I've been watching Life on Mars. Ages old, I thought it was quite recent but no.. 2006. That's nearly 20 years ago. Anyway, of course I started thinking about what I would be thinking if I was taken right back to 1973. Back then, we thought that it was modern times. A couple of years ago, I taught students who were so young they thought the 70/80s were 'when everything was brown'. I think I know what they meant. It was all a bit brown. But then the 80s! That was PINK!
I miss the 70s. Or at least some of it. I didn't do well in the 70s, particularly. I made some great friends though. Some of whom I still know. I did terribly at school. It bored me. The music was great. I was lacking in self respect. I gained a foul mouth. It's always done me proud though. So. If I was thrown back to 1973, I wonder what the result would be? I would love to go back with my now, amaaaazing view on the world. I would be erudite and interesting and know absolutely everything in Physics. I would treat blokes with utter disrespect, as they deserve. Or else I wouldn't put up with the misogyny. I wouldn't go out with any of them. Gaslighting bastards!!
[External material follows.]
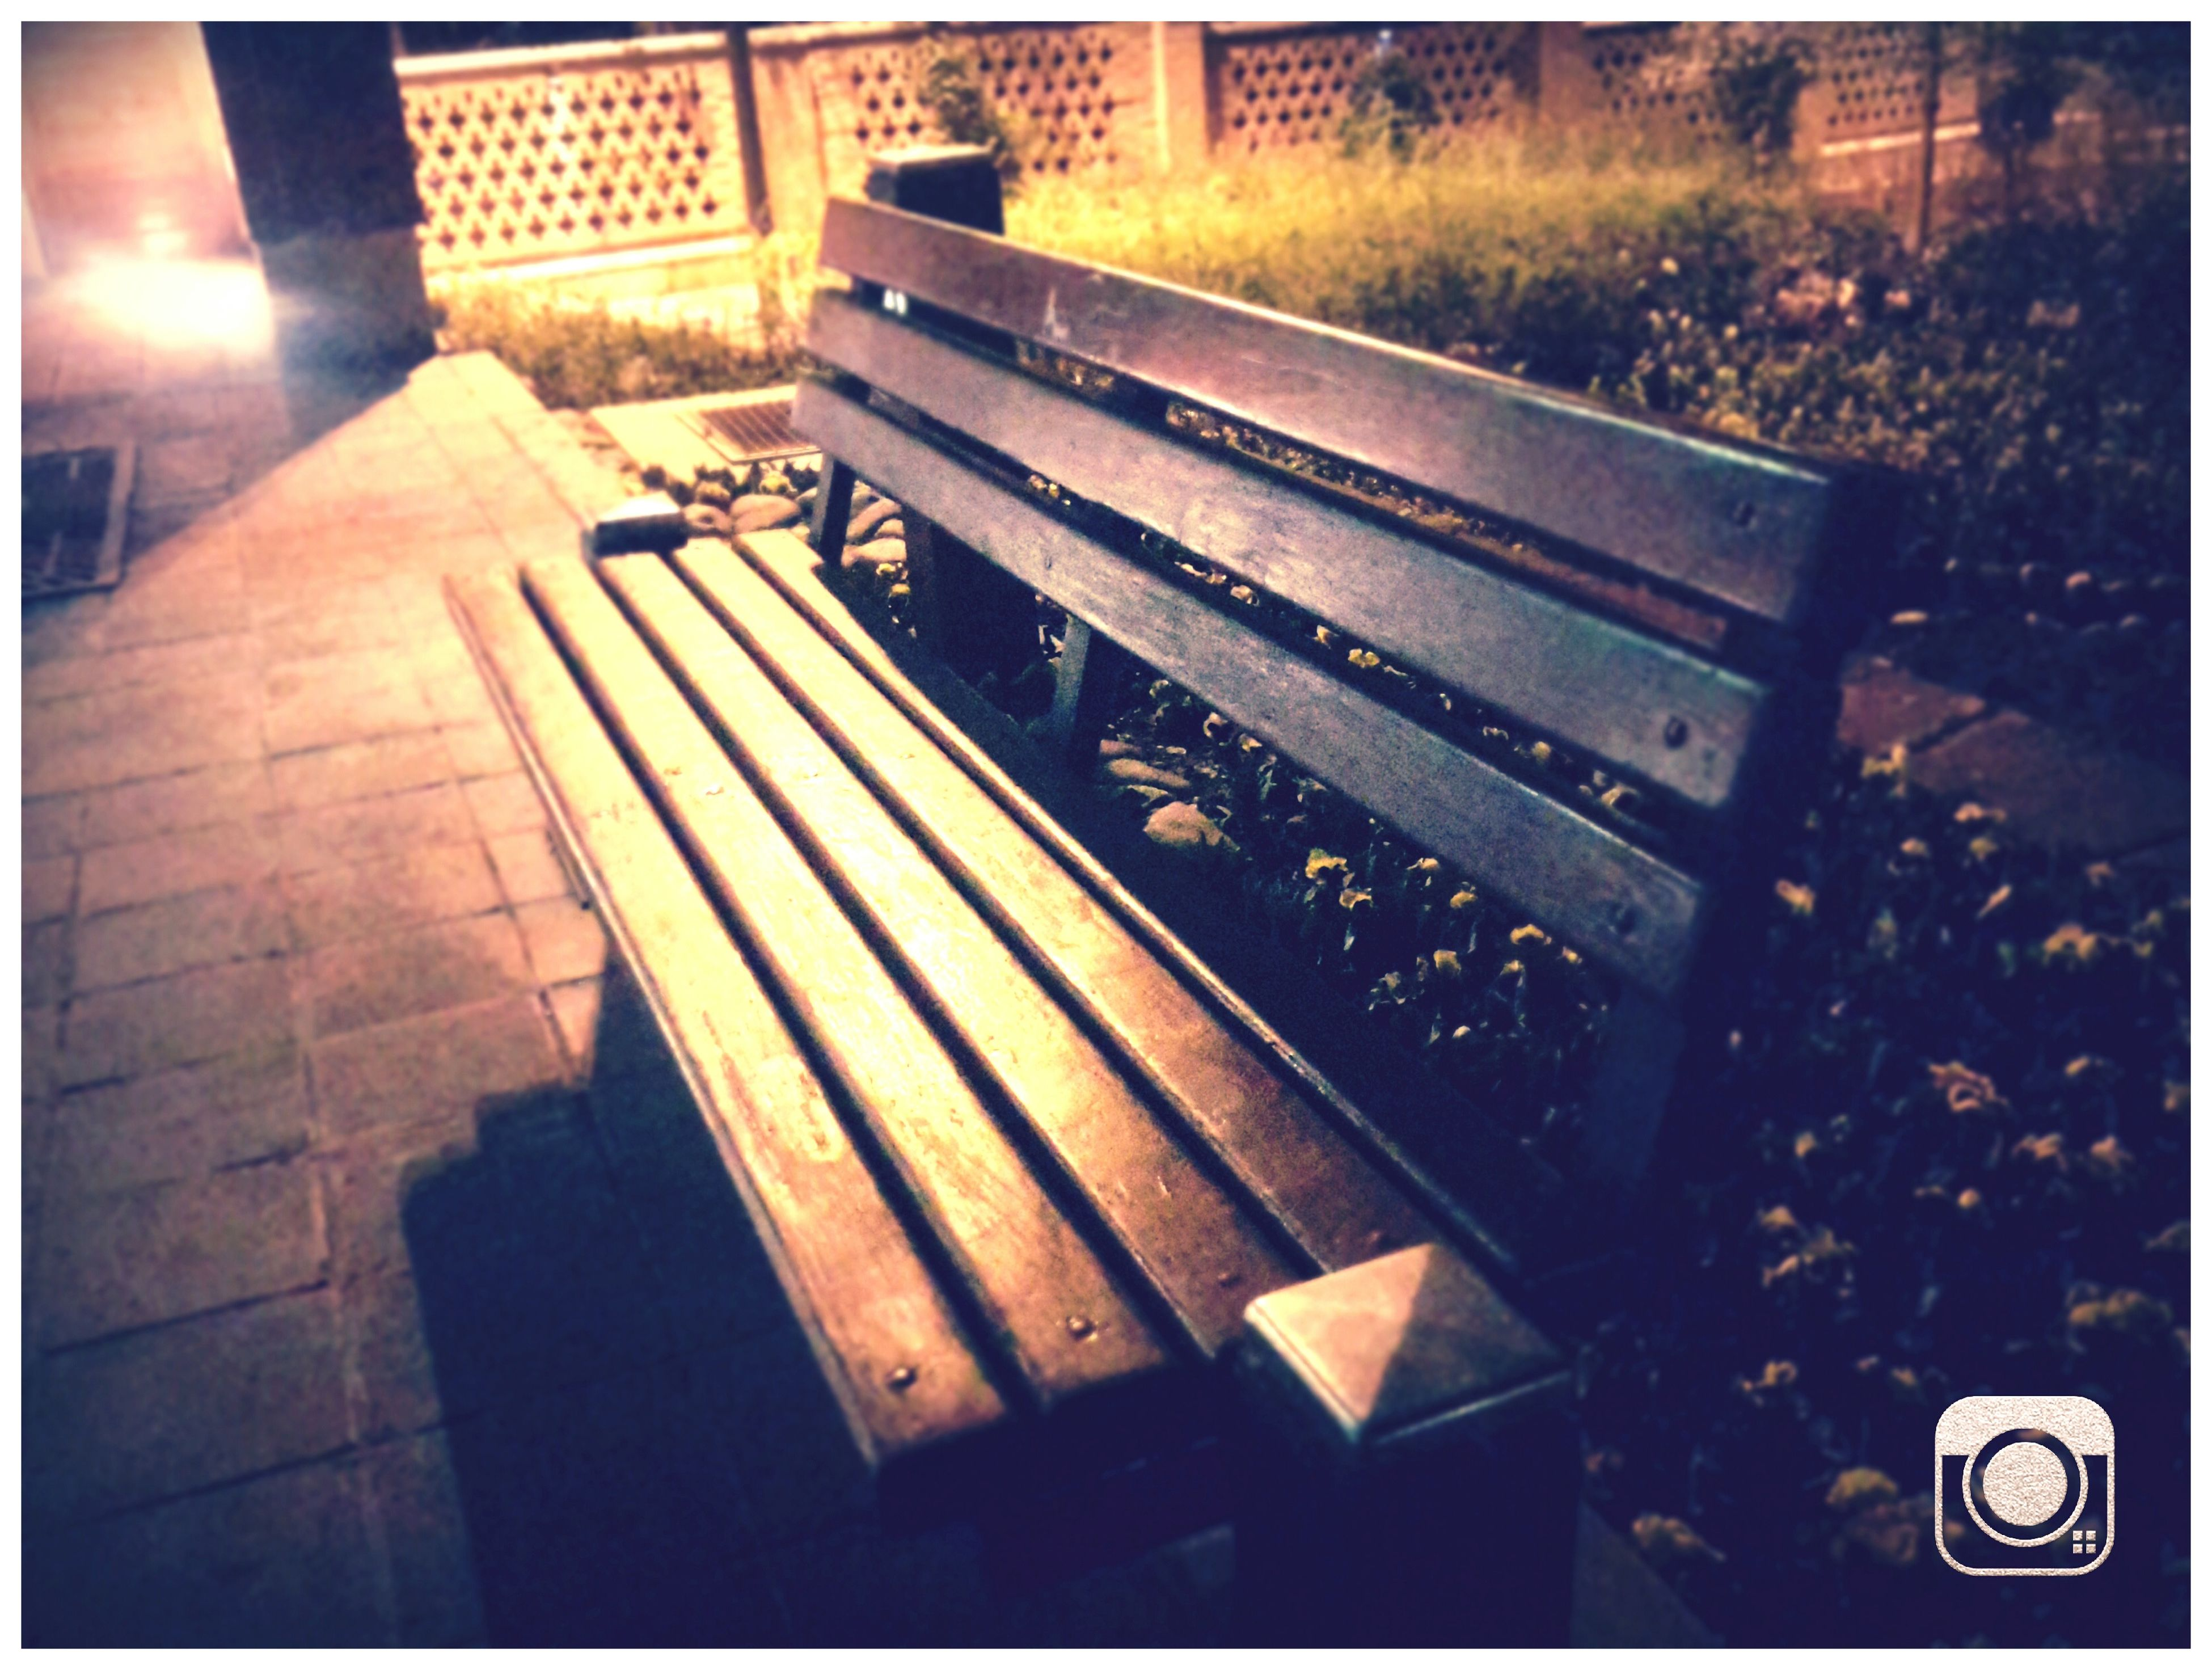 tehran Iranian Garden Beautiful Iran Iran Alonetime Alone In The City  Alone In The Dark Night

Anyway.... I wrote this after a couple of glasses of wine. I thought I would add to it. I have a nice story about me and 70s music! In 1973 I was 15. I loved Marc Bolan and Michael Jackson, although I think I was growing out of him by then. I also liked Donny Osmond, but of course that isn't cool is it?! I'm not going to pretend that my first single was Life on Mars by David Bowie, because it wasn't and I don't believe anyone who says it was. Anyhoo.... digression! We had family friends called David and Grace, Tim and Phil and we would often go and visit them, usually on a Saturday evening for a meal. This is where I first ate spaghetti! It really wasn't a thing in our house in the 70s. Neither was garlic 😏
One Saturday night David and Grace gave me 5 L.P's. they didn't want. They were: James Taylor - Mud Slide Slim, Carol King - Tapestry, Carol King - Music, Neil Young - After the Gold Rush and Joni Mitchell - Blue. Need I say anything else? That was me from then on. I still pinch myself.